From Figure 10.14, we find that

$\textbf{e}_{0}=(-sin\ \theta)\textbf{e}_{1}+(cos\ \theta)\textbf{e}_{2}=-\frac{x_{2}}{R}\textbf{e}_{1}+\frac{x_{1}}{R}\textbf{e}_{2}$

Thus,

$\textbf{v}=v\textbf{e}_{0}=v[-x_{2}\textbf{e}_{1}+x_{1}\textbf{e}_{2}]$

so that

$v_{1}=-\frac{v}{R}x_{2},\ \ v_{2}=\frac{v}{R}x_{1},\ \ v_{3}=0$                    (10.14.51)

These give, on noting that $v=v(R,t)\ and\ R_{,i}=x_{i}/R,i=1,2,$

$v_{1,2}=-\frac{v}{R}-\frac{1}{R}\frac{\partial v}{\partial R}R_{,2}x_{2}+\frac{v}{R^2}R_{,2}x_{2}=-\frac{v}{R}-\frac{1}{R^2}\frac{\partial v}{\partial R}x^2_{2}+\frac{v}{R^3}x^2_{2}$                      (10.14.52a)

$v_{2,1}=\frac{v}{R}+\frac{1}{R}\frac{\partial v}{\partial R}R_{,1}x_{1}-\frac{v}{R^2}R_{,1}x_{1}=\frac{v}{R}+\frac{1}{R^2}\frac{\partial v}{\partial R}x^2_{1}-\frac{v}{R^3}x^2_{1}$                    (10.14.52b)

Using these in (10.14.49), we obtain

$w=\frac{v}{R}+\frac{\partial v}{\partial R}$                    (10.14.53)

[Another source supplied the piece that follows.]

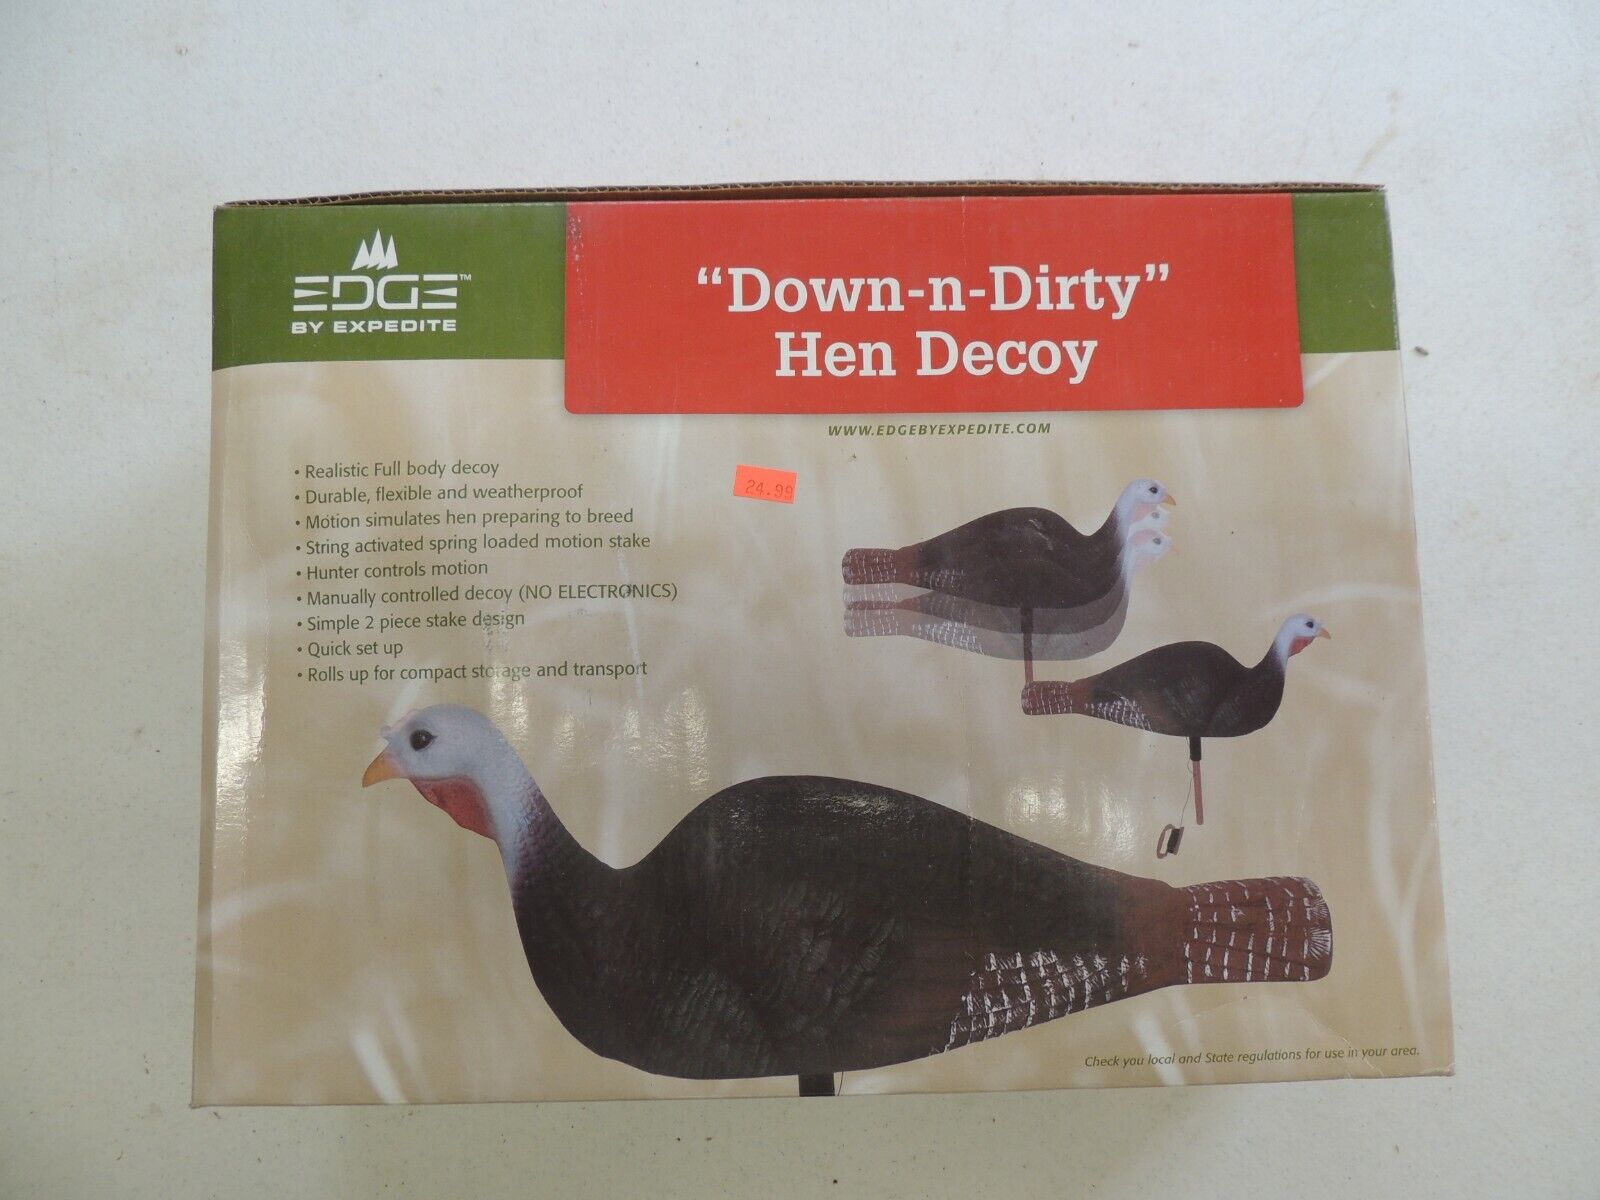 Edge by Expedite Down-n-Dirty Turkey Hen Decoy NEW box shows wear

(where $w=w_{3}$), which yields

$w_{,i}=\left[\frac{\partial^2v}{\partial R^2}-\frac{1}{R}\frac{\partial v}{\partial R}-\frac{v}{R^2}\right]\frac{x_{i}}{R},\ \ i=1,2$                      (10.14.54)

From (10.14.51), (10.14.53) and (10.14.54) we find that

$(\textbf{v}.\triangledown)\textbf{w}=v_{1}\textbf{w}_{,1}+v_{2}\textbf{w}_{,2}=0$

Consequently,

$\frac{Dw}{Dt}=\frac{\partial w}{\partial t}$                  (10.14.55)

Substituting this in (10.14.46), we obtain (10.14.47).